DATA BLOCK:

----

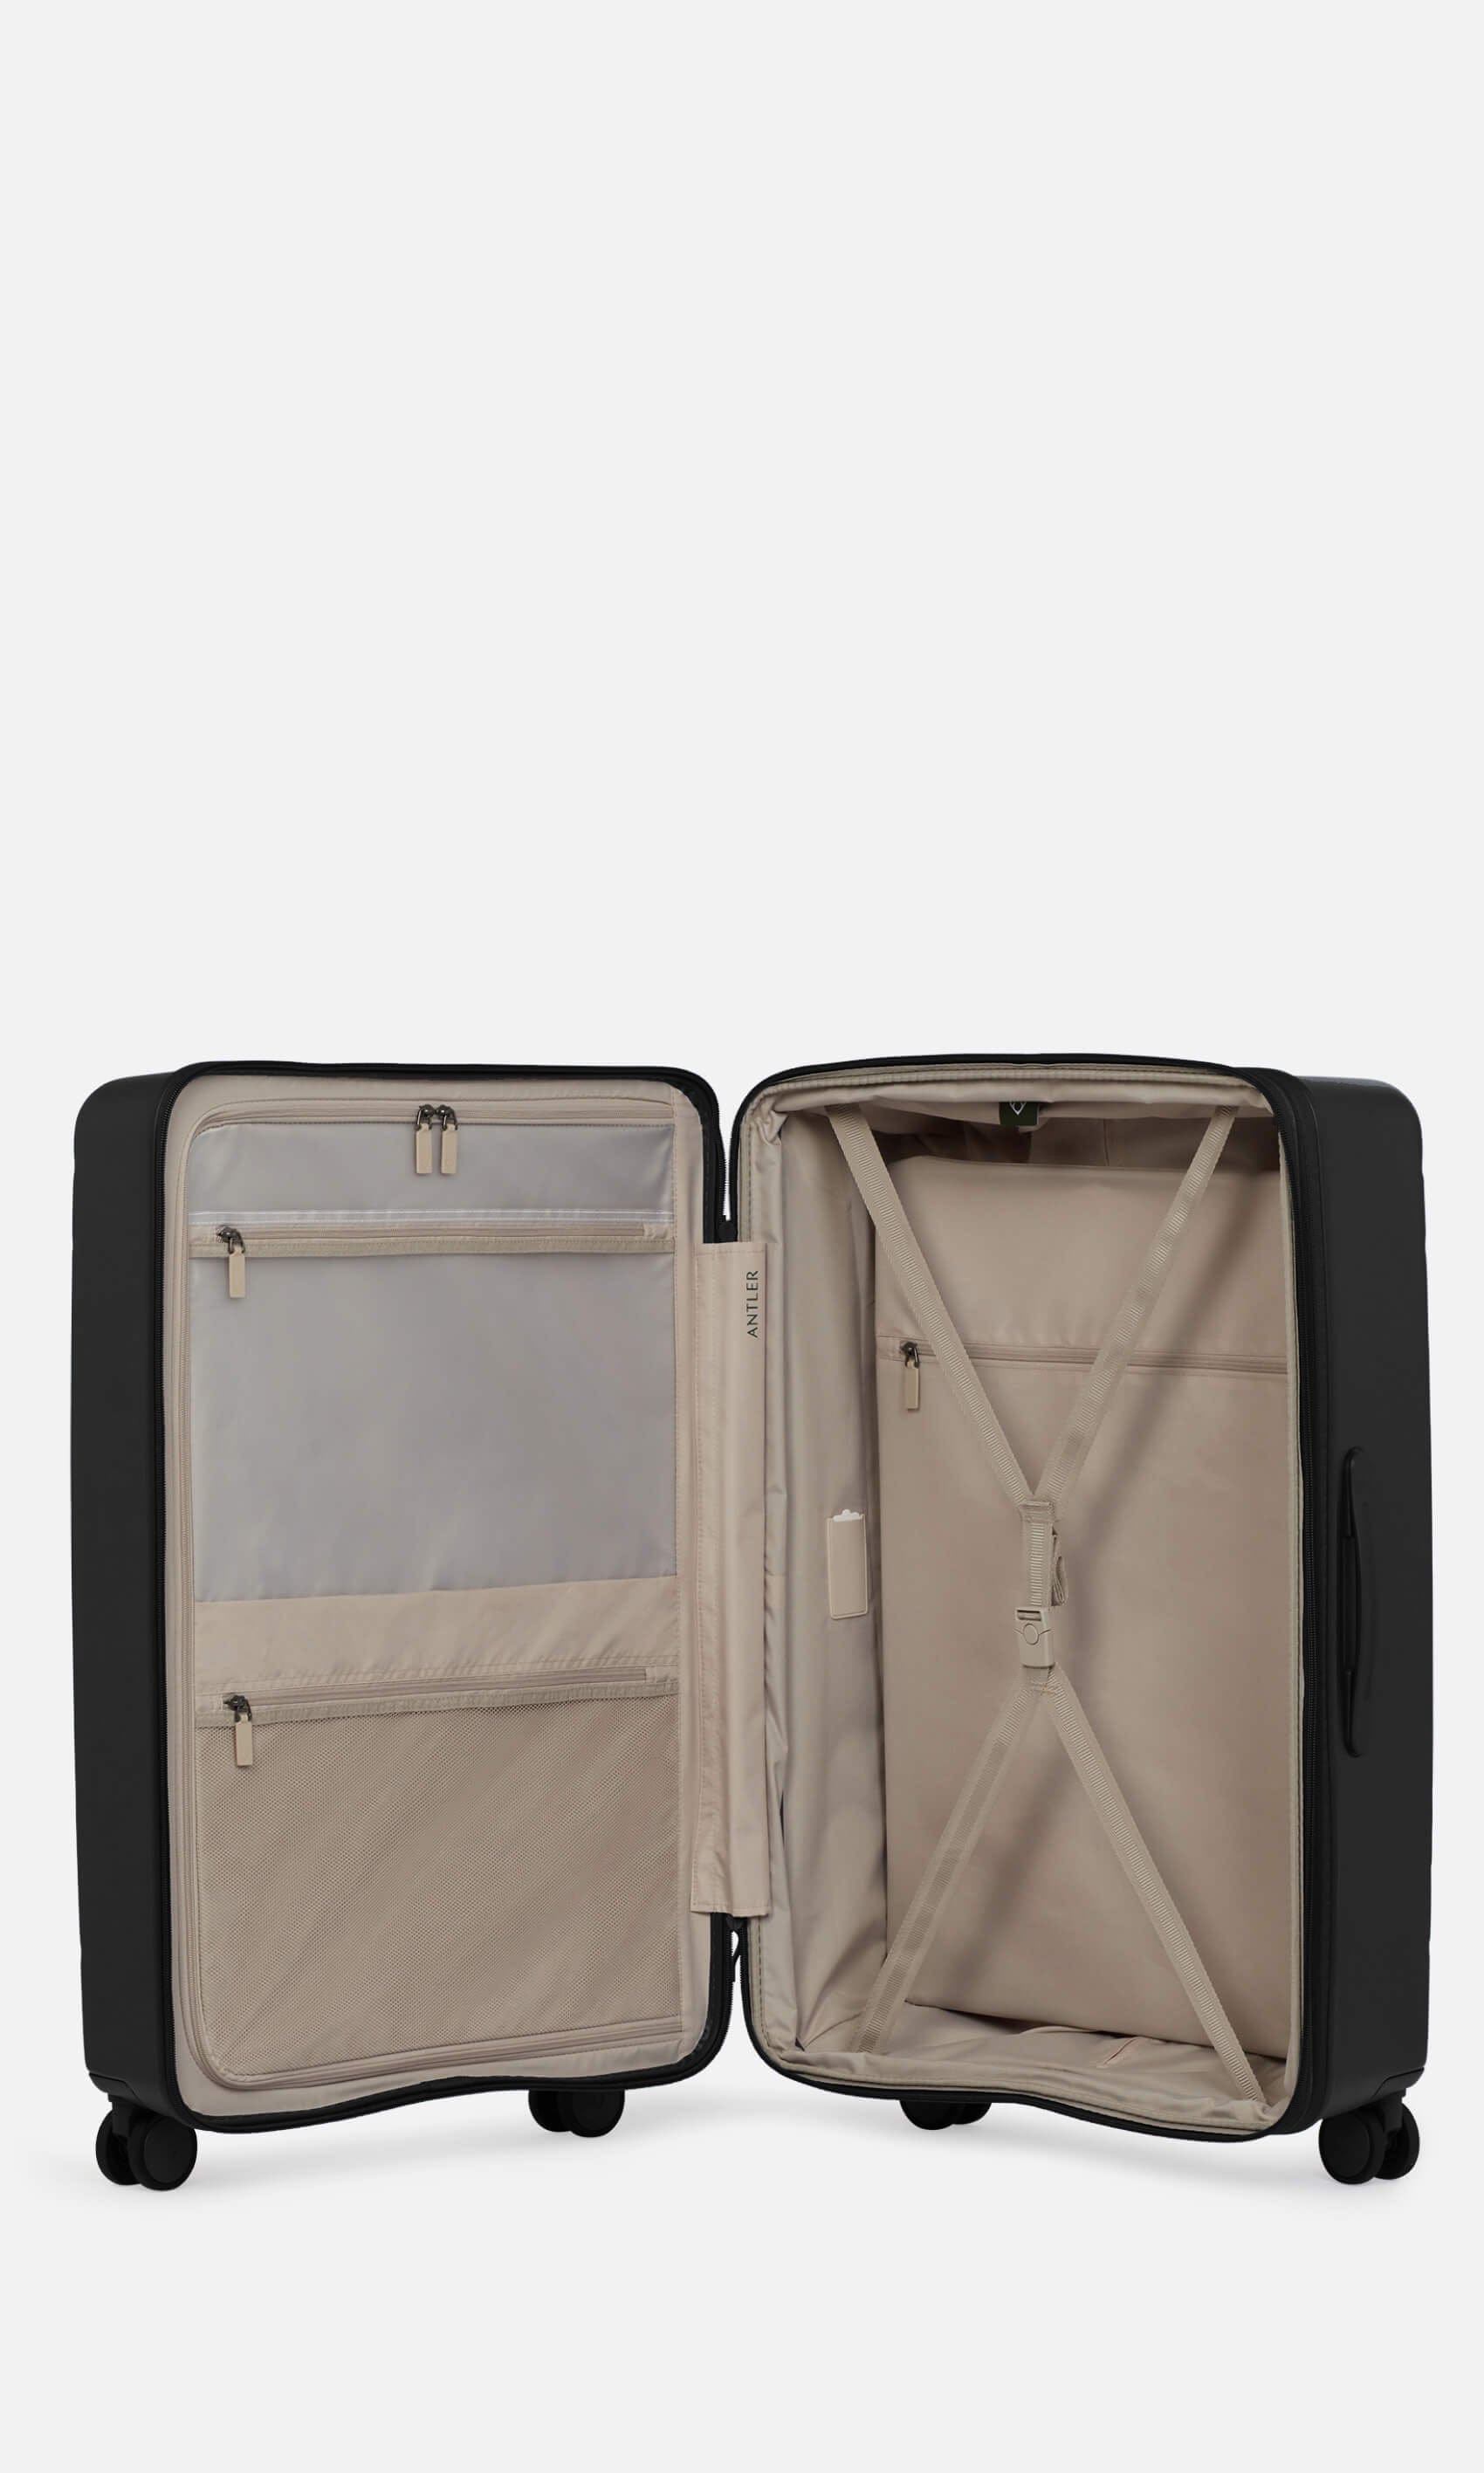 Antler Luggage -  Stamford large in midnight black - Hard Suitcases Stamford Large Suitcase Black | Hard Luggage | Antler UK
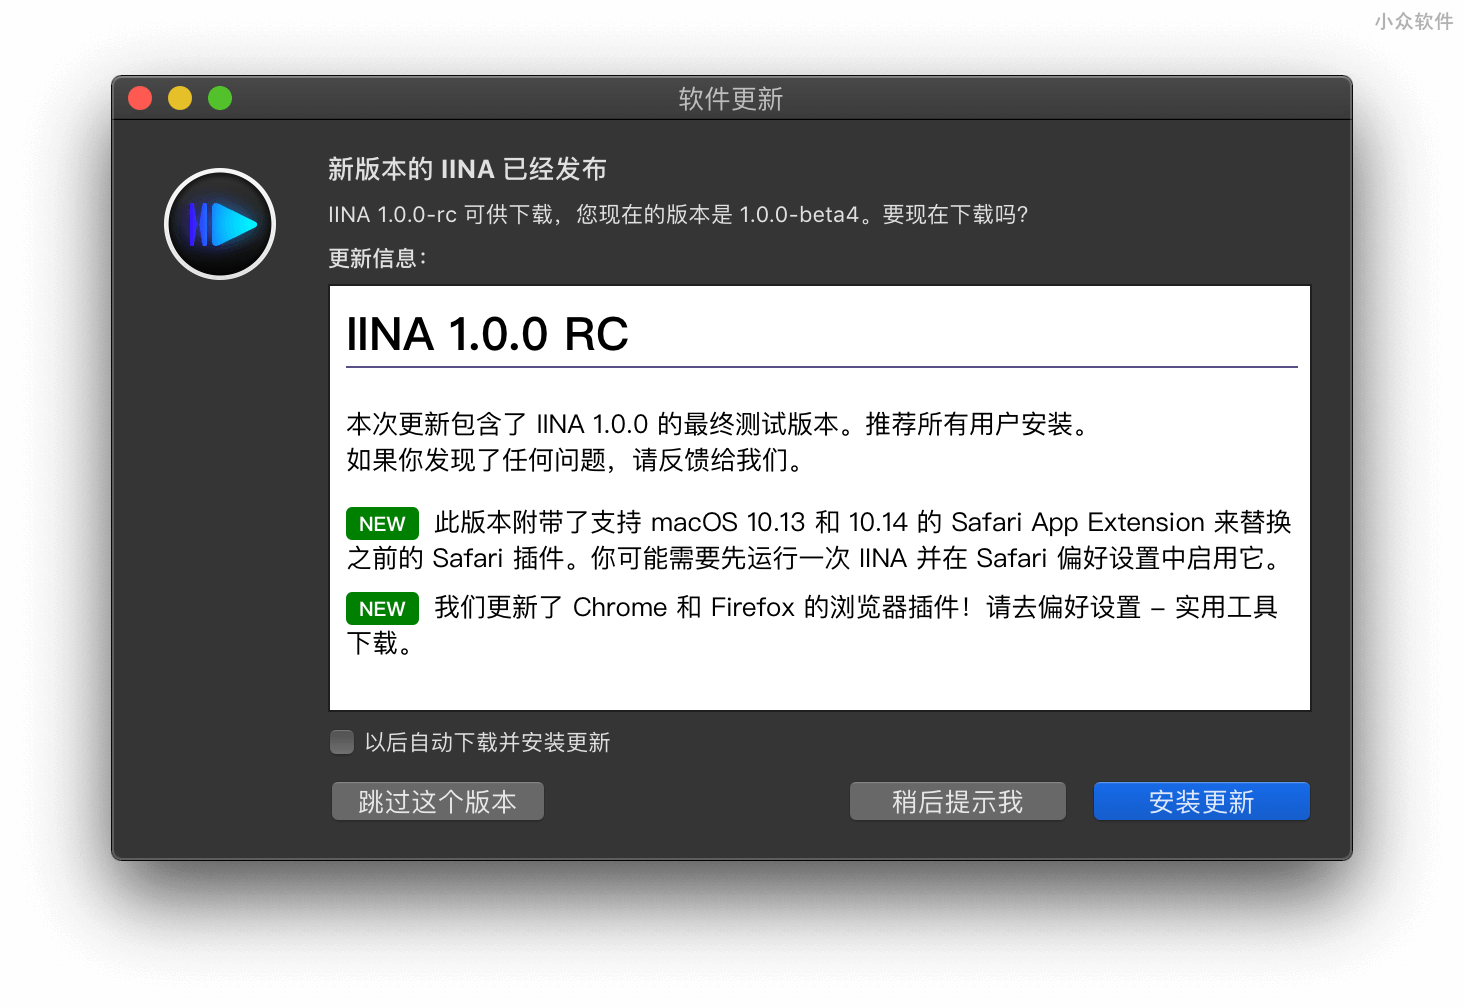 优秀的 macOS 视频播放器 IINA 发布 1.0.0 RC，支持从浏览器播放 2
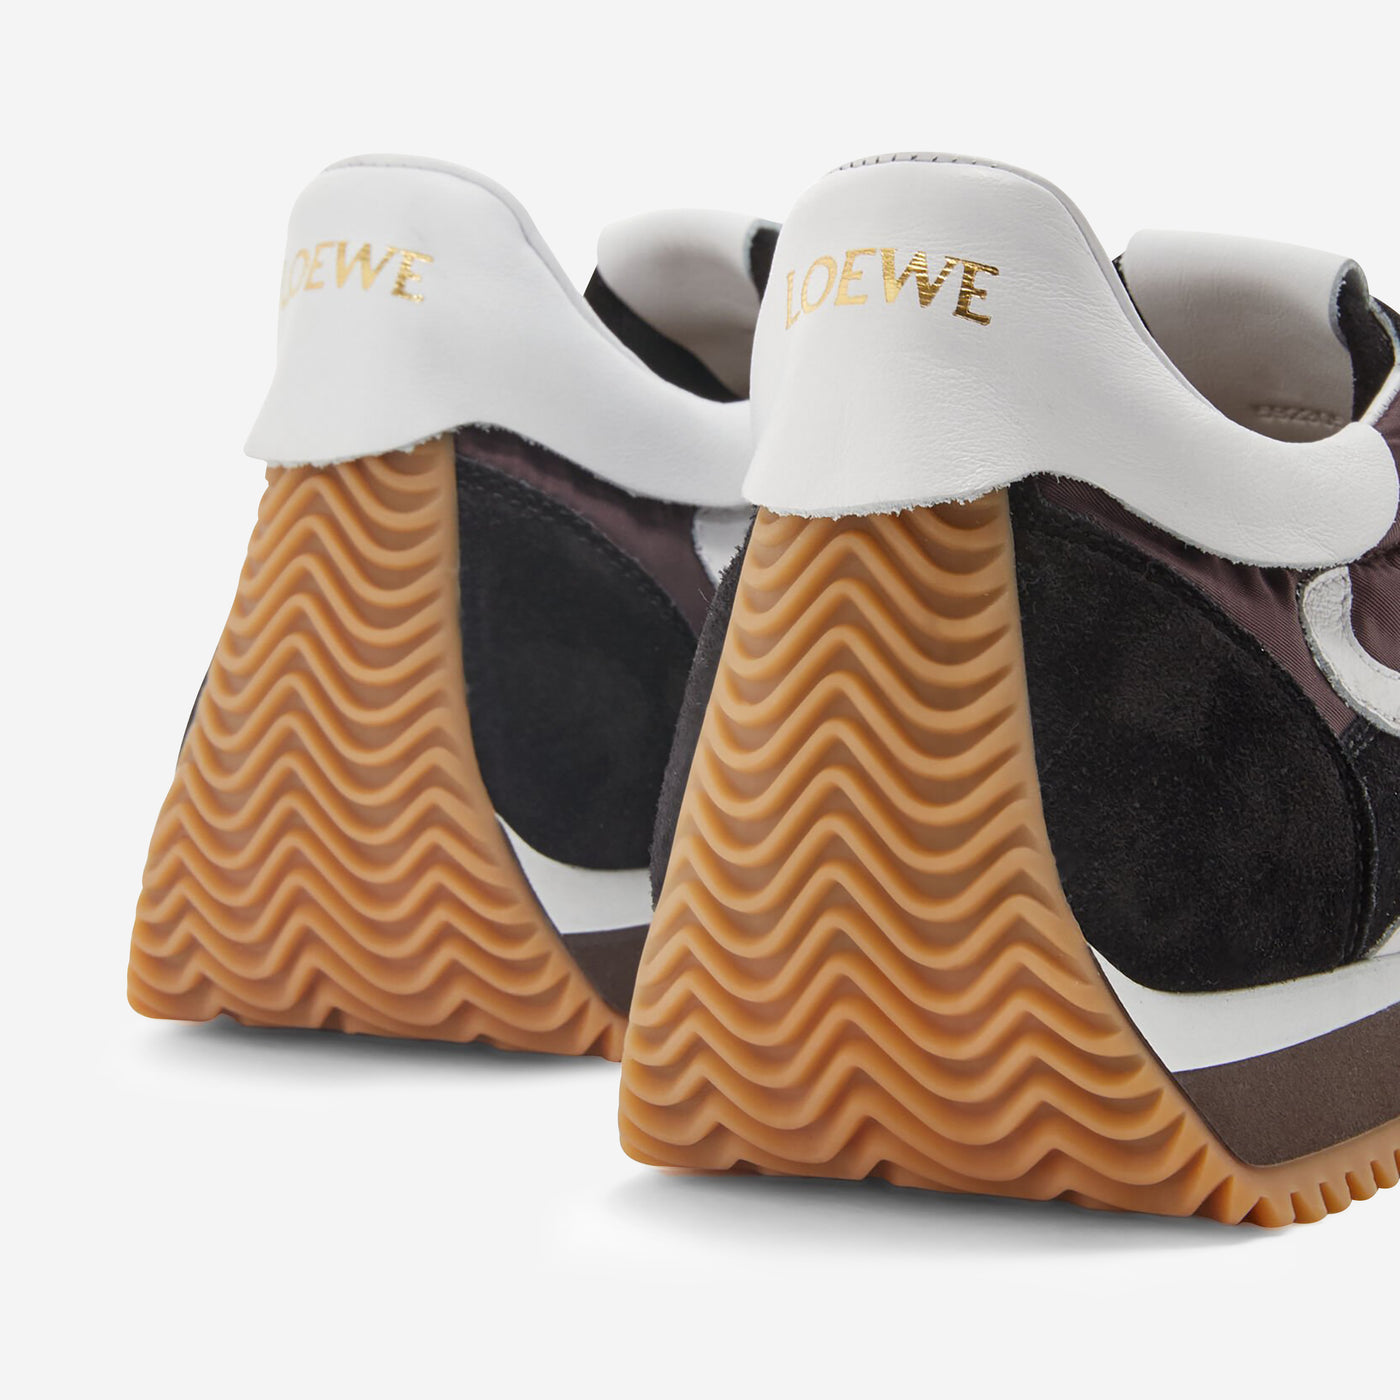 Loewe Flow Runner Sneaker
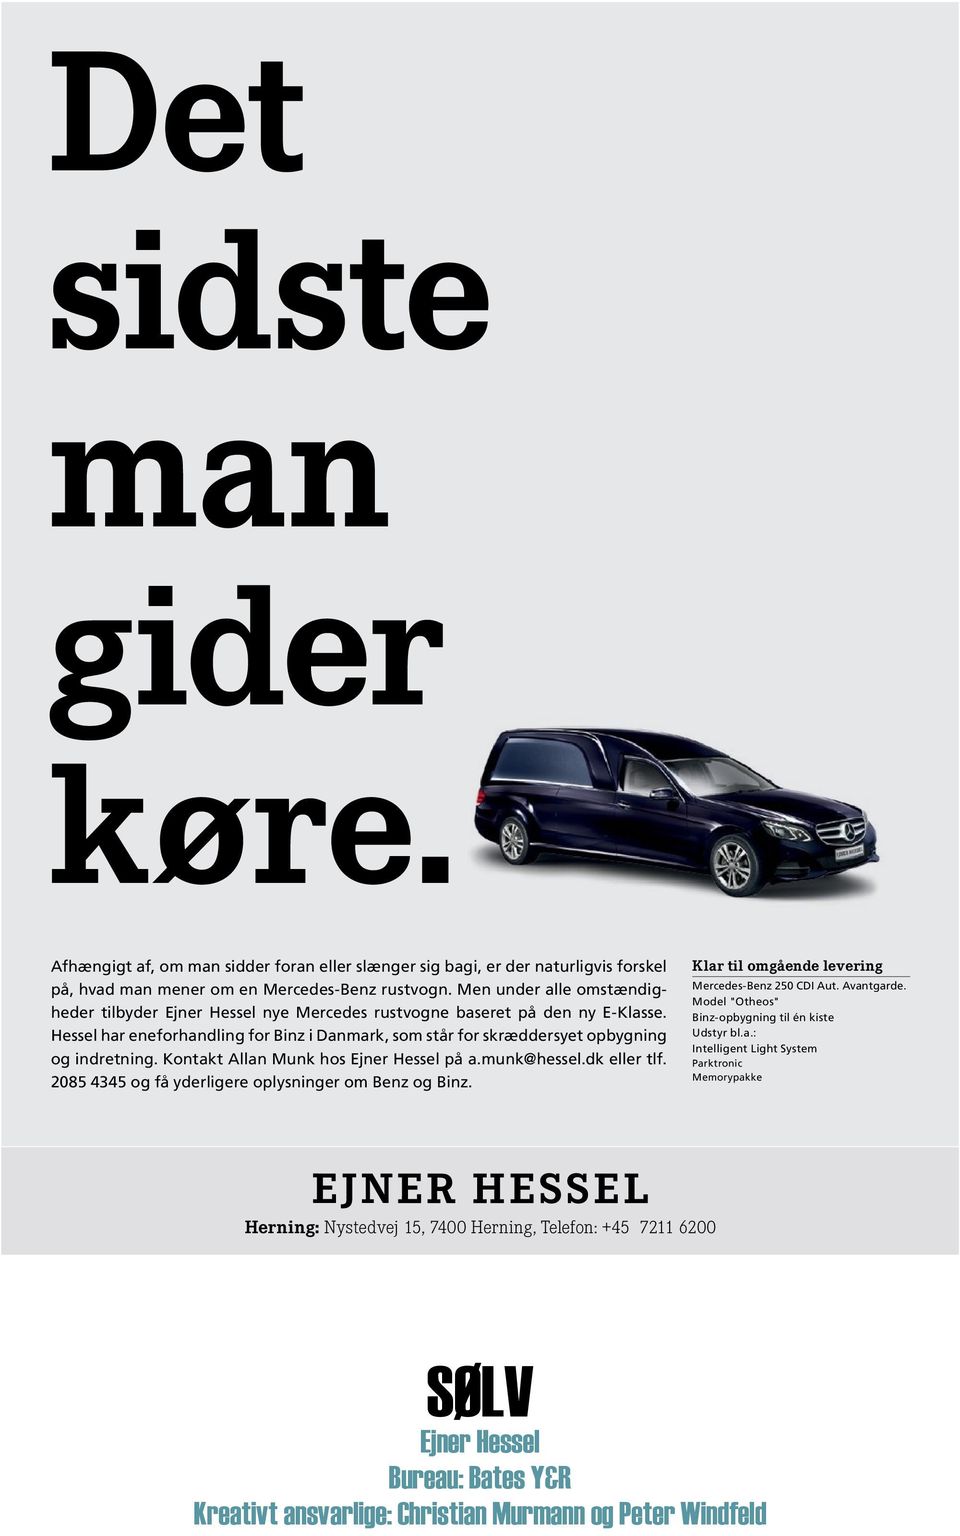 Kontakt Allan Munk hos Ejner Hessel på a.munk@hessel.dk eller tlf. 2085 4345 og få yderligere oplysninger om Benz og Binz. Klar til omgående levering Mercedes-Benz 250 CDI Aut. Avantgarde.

----

THE PROBLEM:
Your copy should match the listing exactly, apart from the pictures it leaves out.

SOLVED EXERCISE:
 Antler Luggage -  Stamford large in midnight black - Hard Suitcases Stamford Large Suitcase Black | Hard Luggage | Antler UK
 优秀的 macOS 视频播放器 IINA 发布 1.0.0 RC，支持从浏览器播放 2
 Loewe Flow Runner Sneaker
 Kontakt Allan Munk hos Ejner Hessel på a.munk@hessel.dk eller tlf. 2085 4345 og få yderligere oplysninger om Benz og Binz. Klar til omgående levering Mercedes-Benz 250 CDI Aut. Avantgarde.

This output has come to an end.